Звук, раздавшийся из трубки, забарабанил в мои барабанные перепонки, из чего я сделал вывод, что тетушка Далия задорно смеется.

— Ну и пусть себе предполагает.

— И ты совсем не обеспокоена?

— Ничуть. Ну что она может поделать? Так или иначе, Глоссоп проживет у нас не меньше недели. Он сказал, что этого времени ему должно хватить, чтобы разобраться с психикой Уилберта. Так что Адела Крим меня мало заботит.

— Не знаю, не знаю, но я бы сказал, что она представляет для нас некоторую опасность.

— Она вообще из себя ничего не представляет. Ну, что там у тебя еще?

— Да еще эта эпопея «Уилберт Крим плюс Филлис Милз».

— Ну вот, это уже гораздо интереснее. Бобби Уикам сказала тебе, что ты должен прилипнуть к Уилберту как…

— …как брат родной?

— …я бы сказала как банный лист, но как тебе будет удобней. Бобби объяснила тебе ситуацию?

— Объяснила, теперь я бы хотел кое-что провентилировать с тобой.

— Что сделать?

— Провентилировать.

— Ну давай, вентилируй.

Оценив ситуацию со свойственной Вустерам прозорливостью, я начал выкладывать свой взгляд на происходящее.

— Дорогая моя старушка, — начал я. — Вот идем мы по жизни, и разве мы не должны попытаться понять ближнего, в данном случае Уилберта Крима?
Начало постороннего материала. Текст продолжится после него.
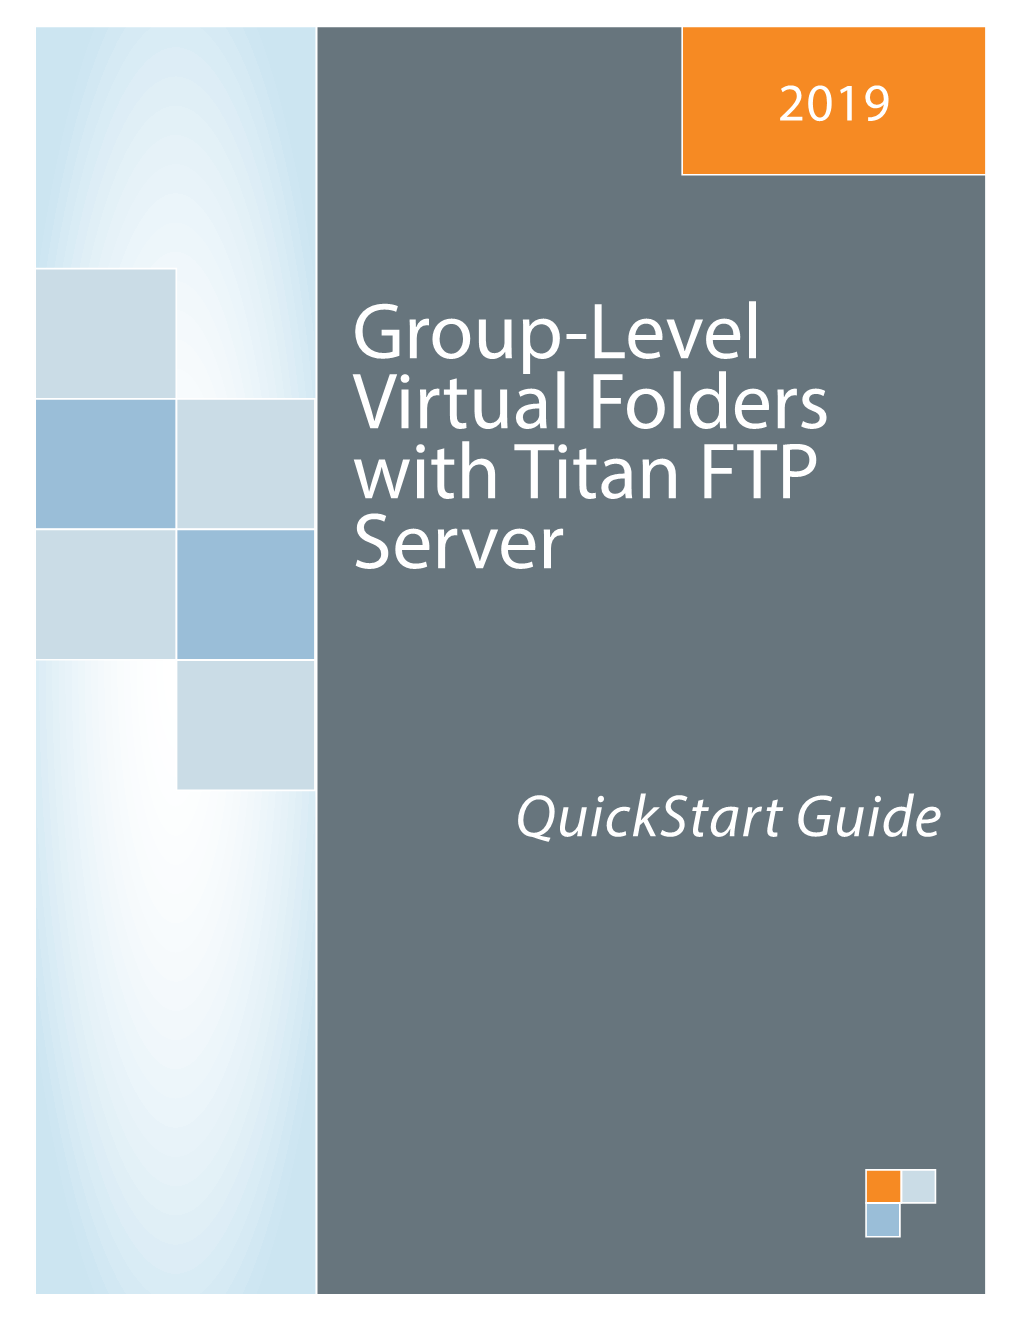 Group-Level Virtual Folders with Titan FTP Server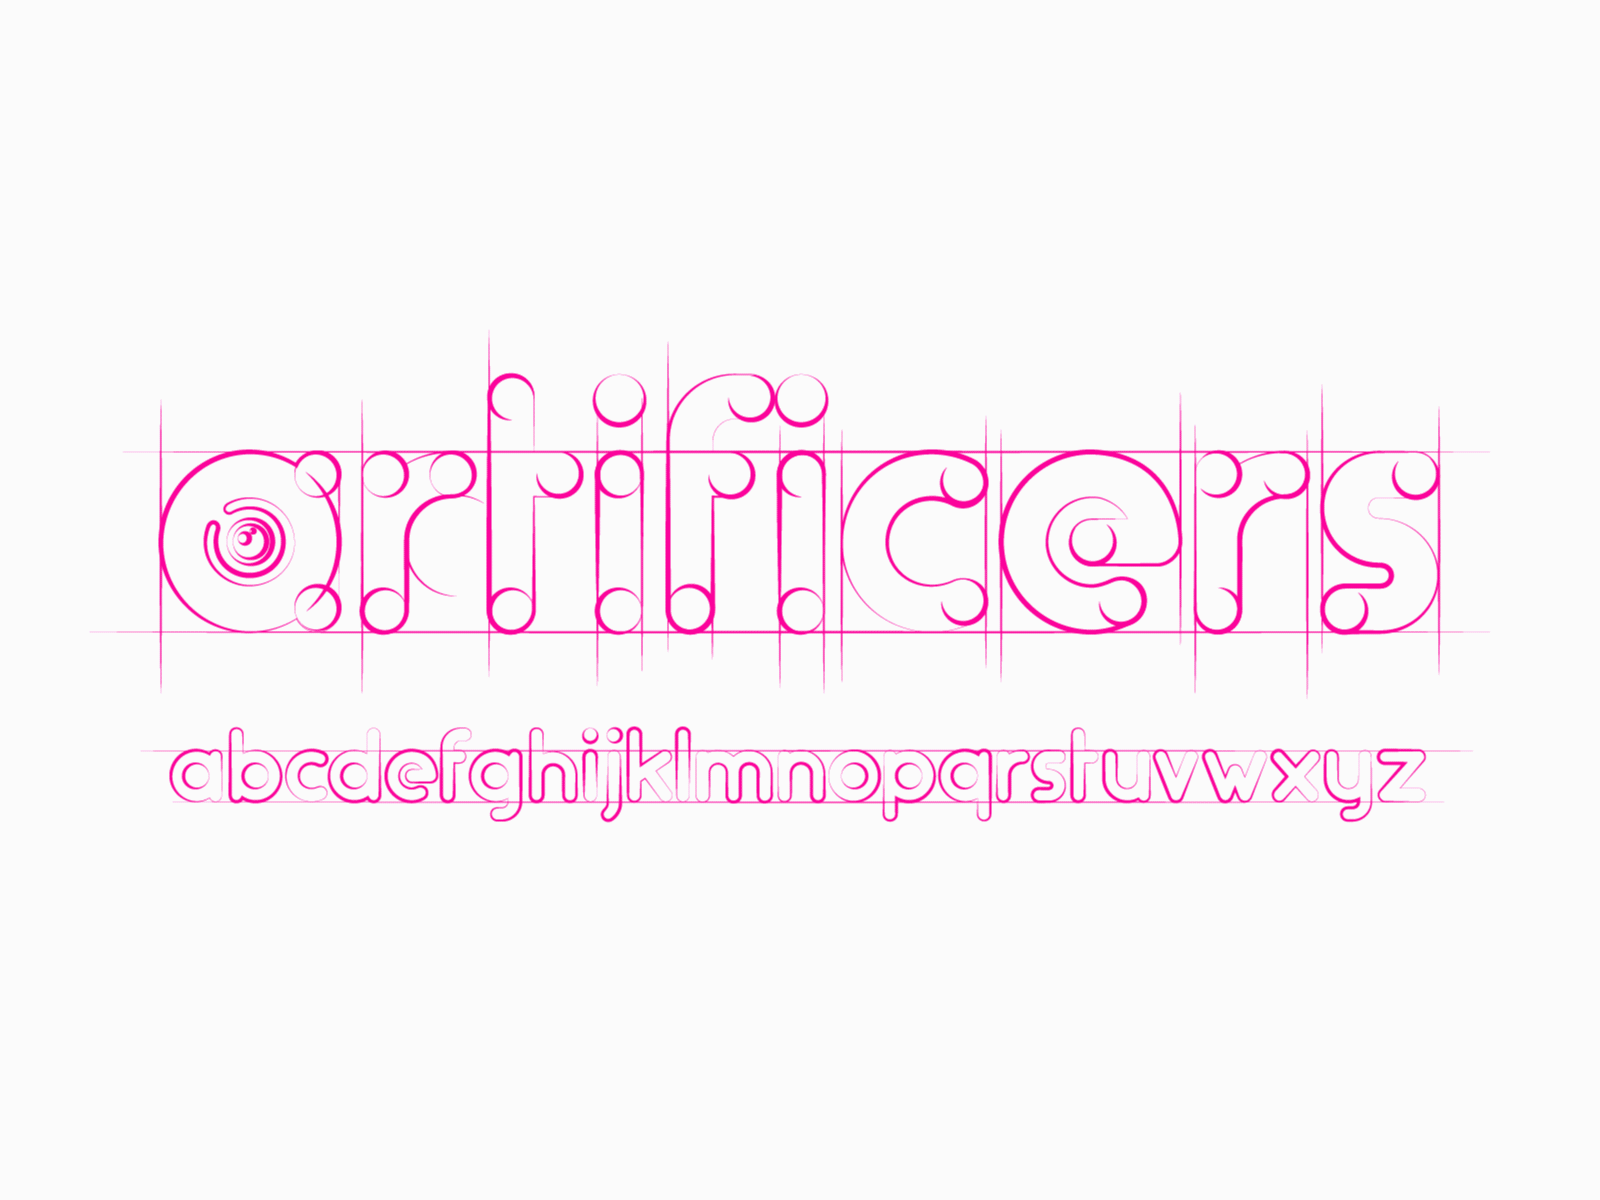 Artificers - Font Design

Попытаемся встать на его место и представить, каково ему, когда мы за ним все время ходим. Он же тебе не Мэри.

— Что ты сказал?

— Я говорю, он же не Мэри. Это Мэри нравилось, когда за нею ходят вслед.

— Берти, ты пьян.

— Ничего подобного.

— Скажи: Британская конституция.

Я повторил.

— А теперь скажи: «Она ракушки продает на побережье»

Я вторил эхом.

— Странно, ты действительно не пьян. Тогда причем тут какая-то Мэри. Как ее фамилия?

— Разве у нее была фамилия? Насколько я помню, «…у Мэри был барашек, белый словно снег. „Я в школу“, — Мэри скажет, а он за нею вслед.» Я бы конечно не сказал, что я пушистый словно снег, но то, что я хожу за ним вслед, это точно. Но поскольку ему это явно не нравится, я боюсь, как бы концовка не получилась из другого стихотворения, когда остались от Вустера рожки да ножки.

— Он тебе говорил это?

— Еще нет. Но его взгляд красноречив.

— Это не страшно. Он не посмеет, это будет оскорблением против меня.

— Но разве ты не видишь, что может произойти нечто нехорошее. Уилберт начнет переходить от слов к делу, и в один прекрасный день просто заедет мне кулаком, тогда я заеду ему своим, а ты ведь знаешь, что Вустеры ничего не делают наполовину.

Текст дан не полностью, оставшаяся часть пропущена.